DATASET SECTION ::
_____
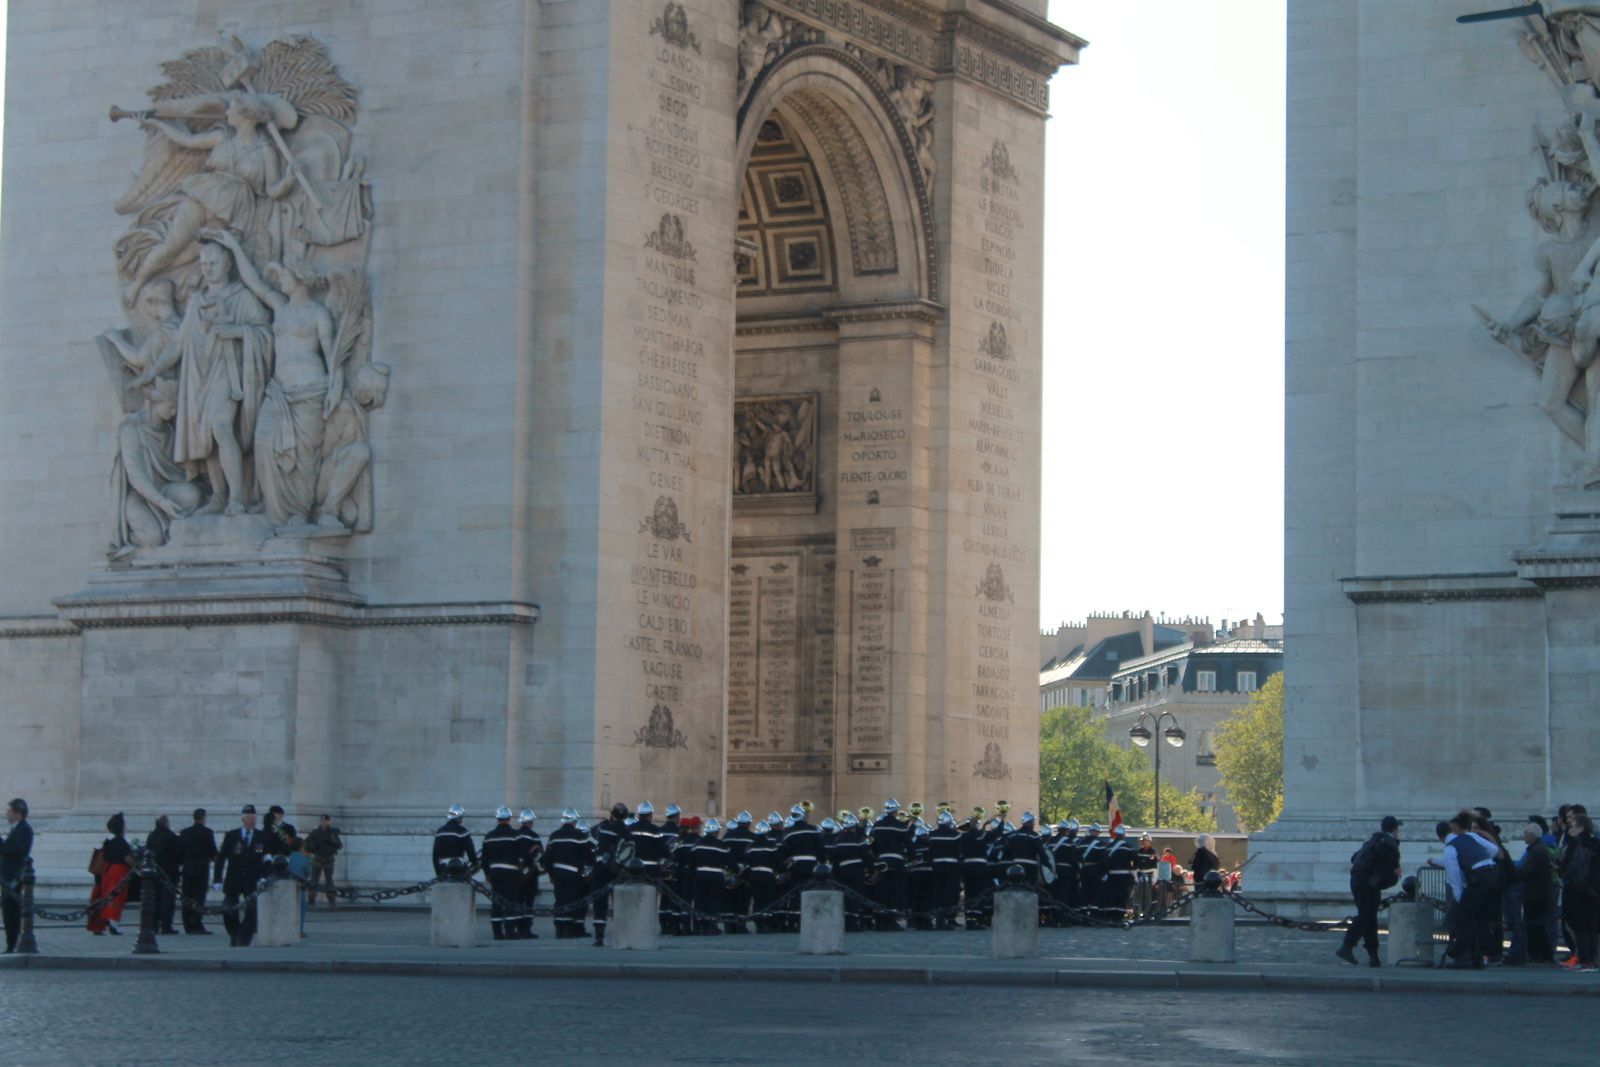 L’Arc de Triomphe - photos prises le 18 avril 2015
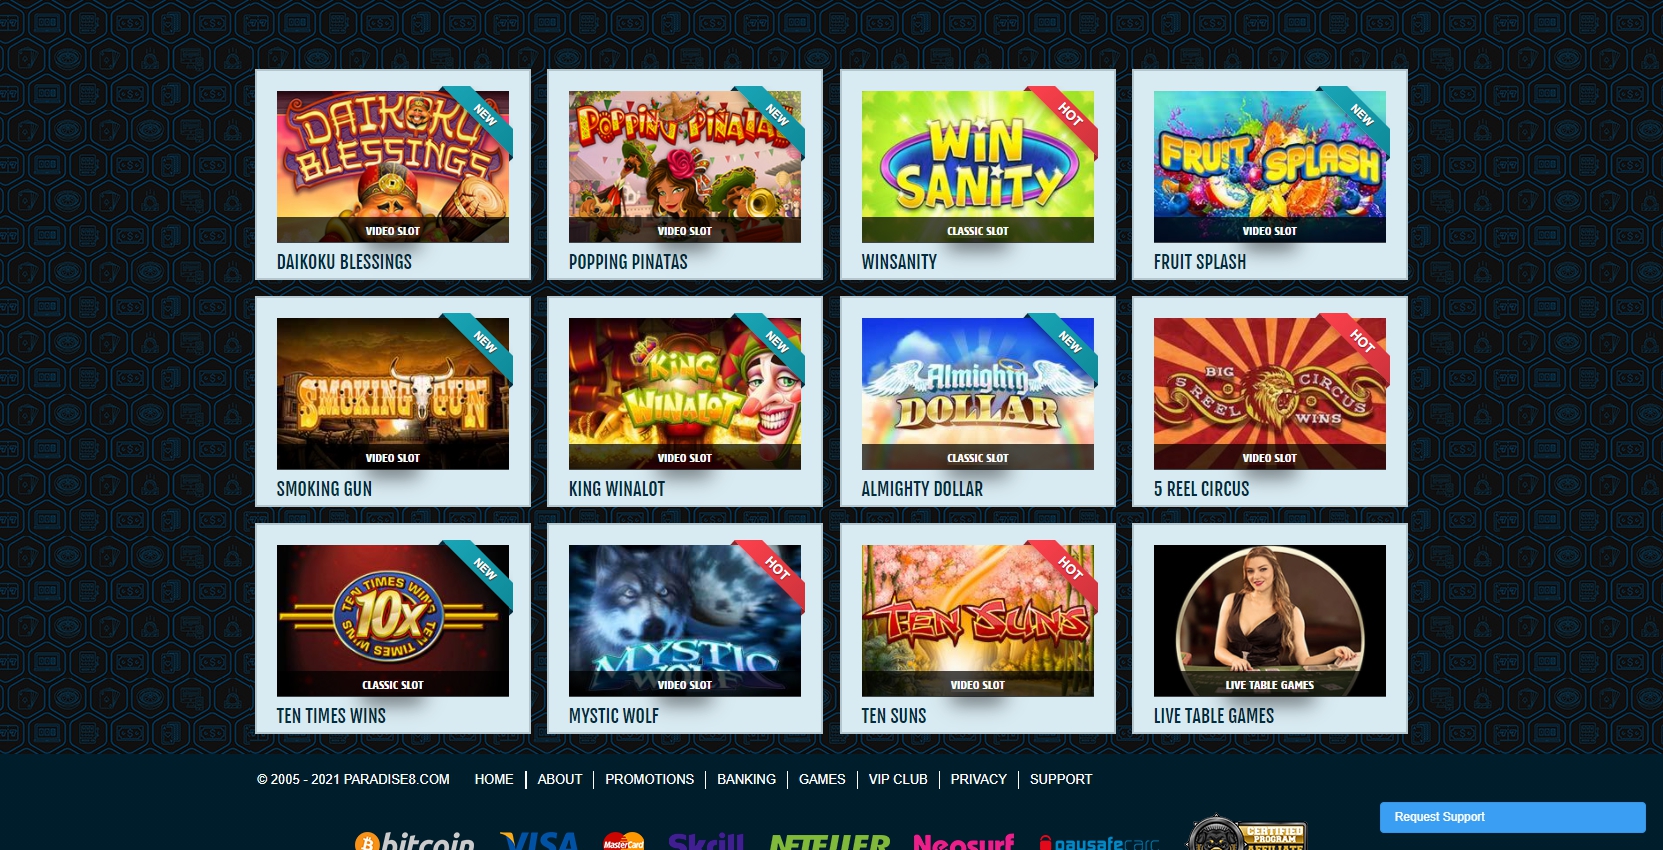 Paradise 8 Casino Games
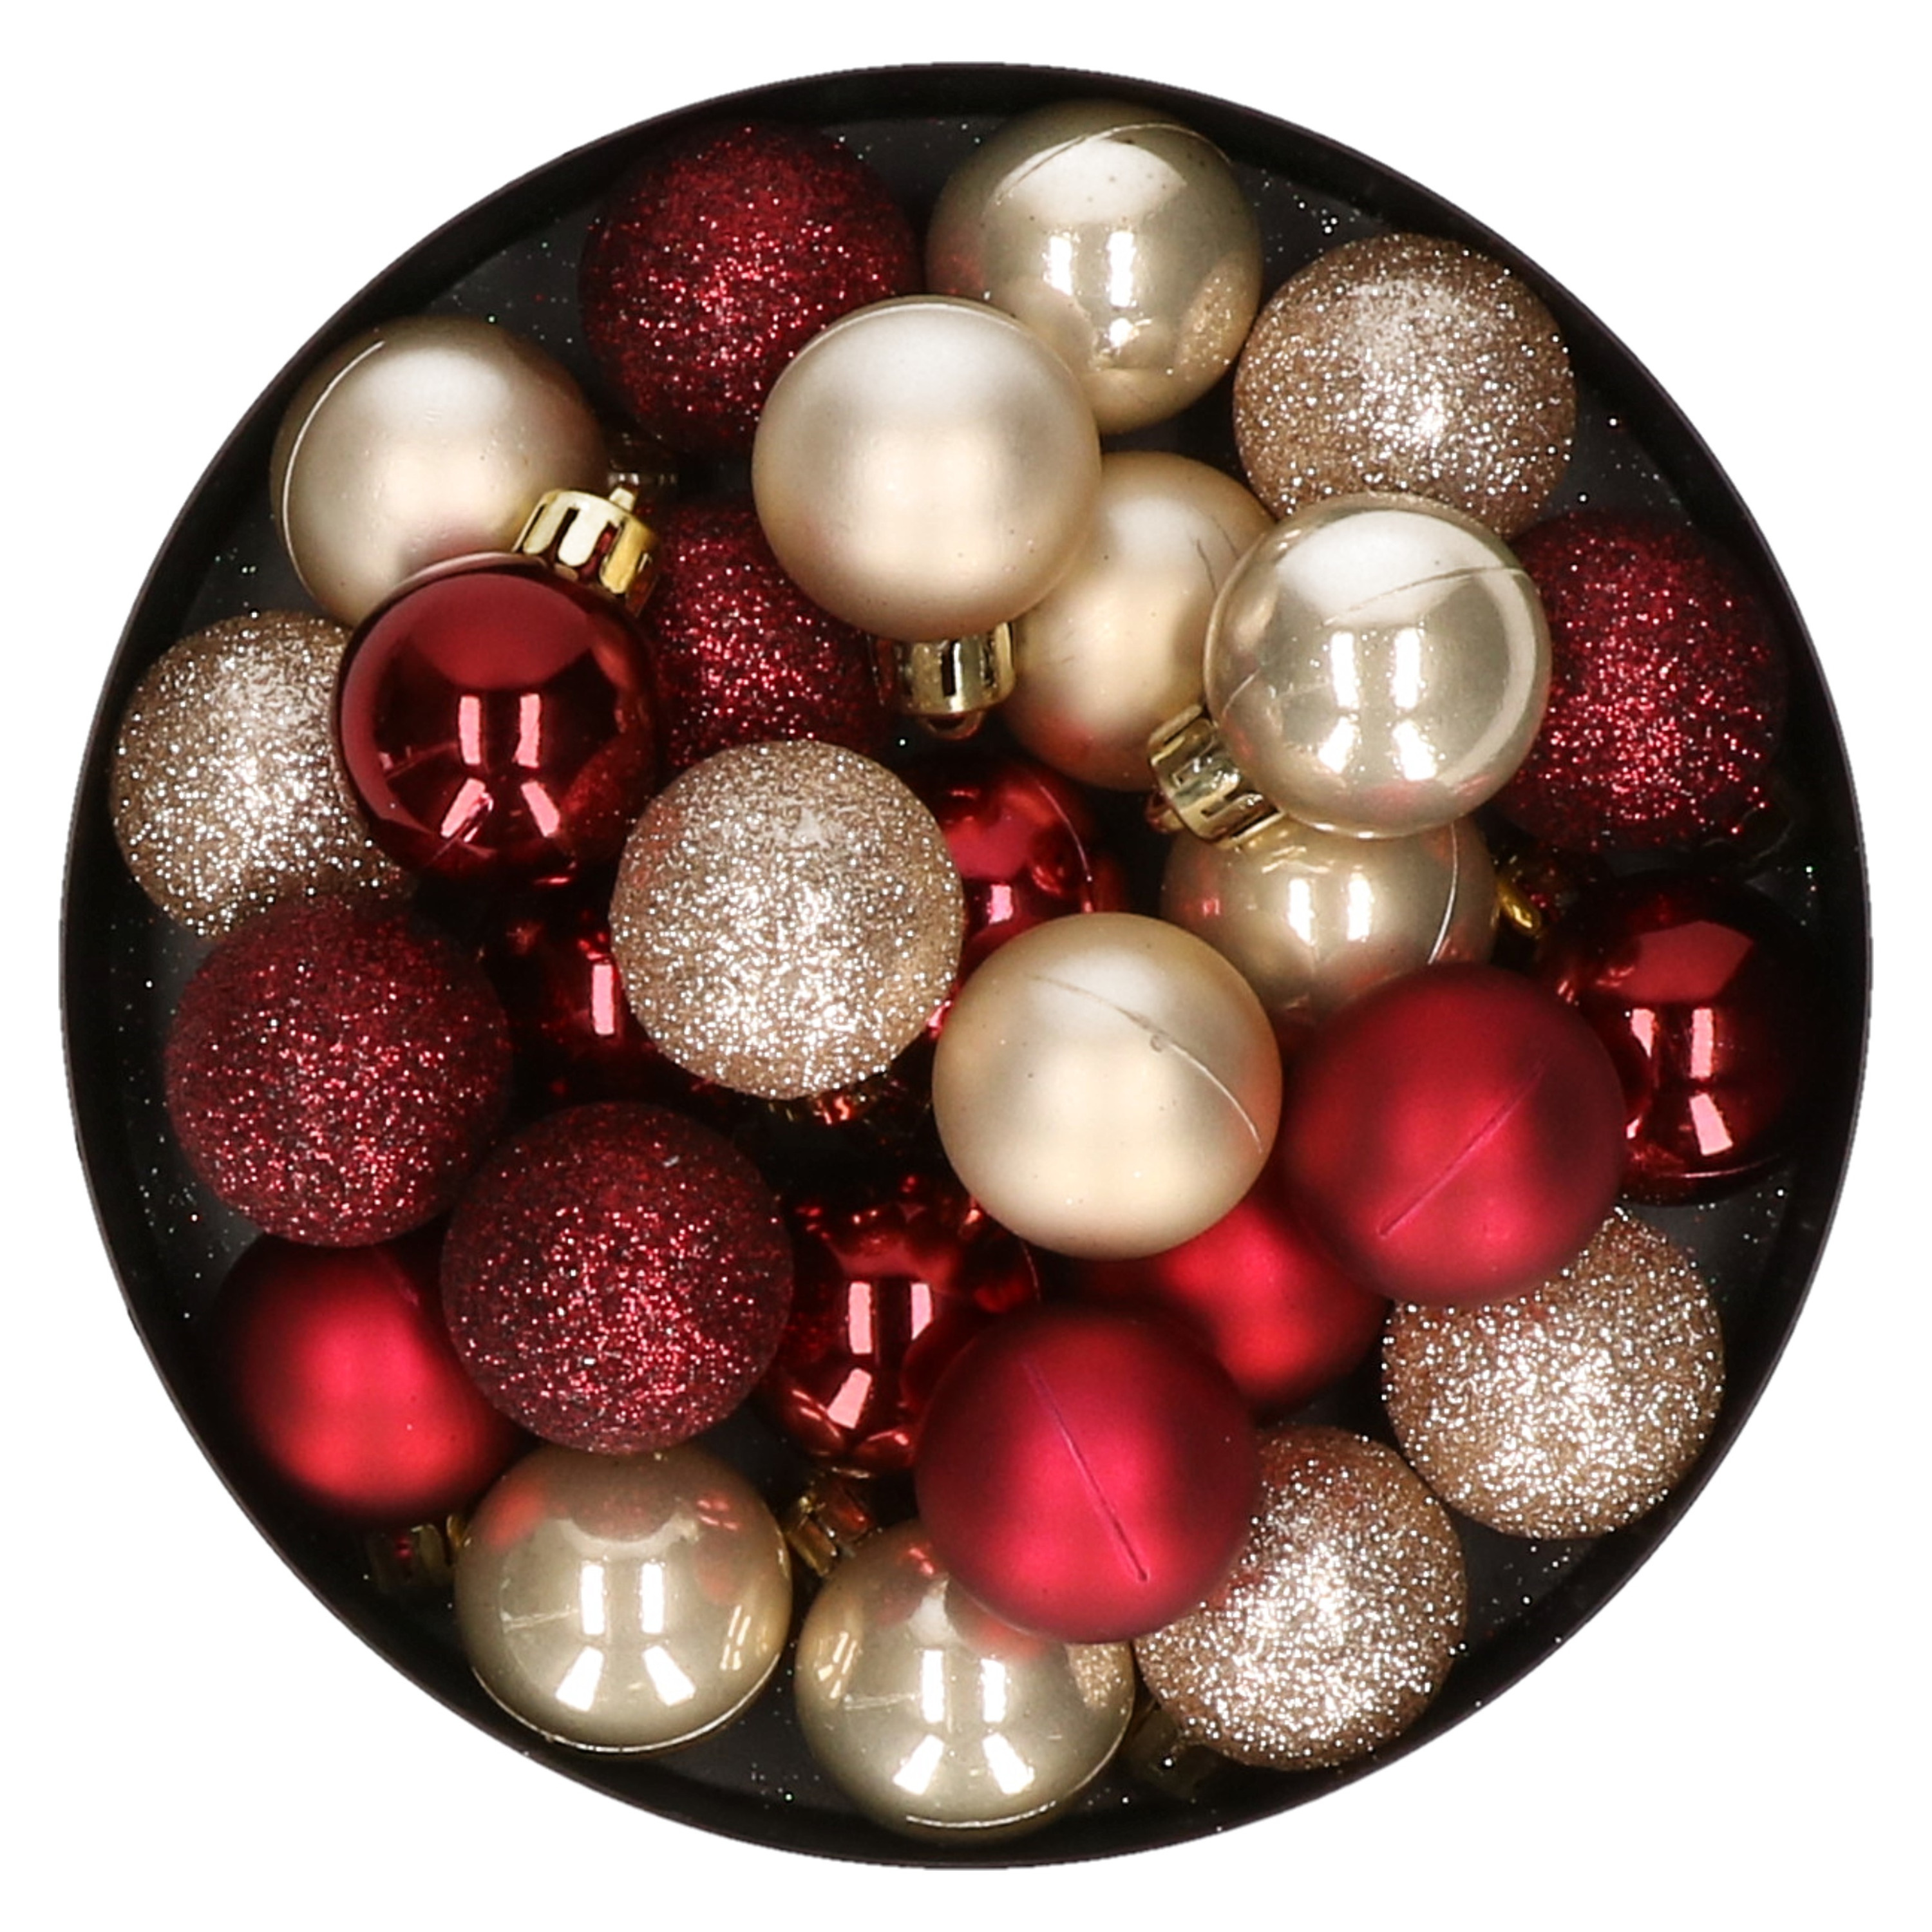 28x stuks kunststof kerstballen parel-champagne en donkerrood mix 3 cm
_____
EXERCISE REQUIREMENTS :: Output the material above exactly as written and drop any images it holds.

EXPECTED OUTPUT ::
 L’Arc de Triomphe - photos prises le 18 avril 2015
 Paradise 8 Casino Games
 28x stuks kunststof kerstballen parel-champagne en donkerrood mix 3 cm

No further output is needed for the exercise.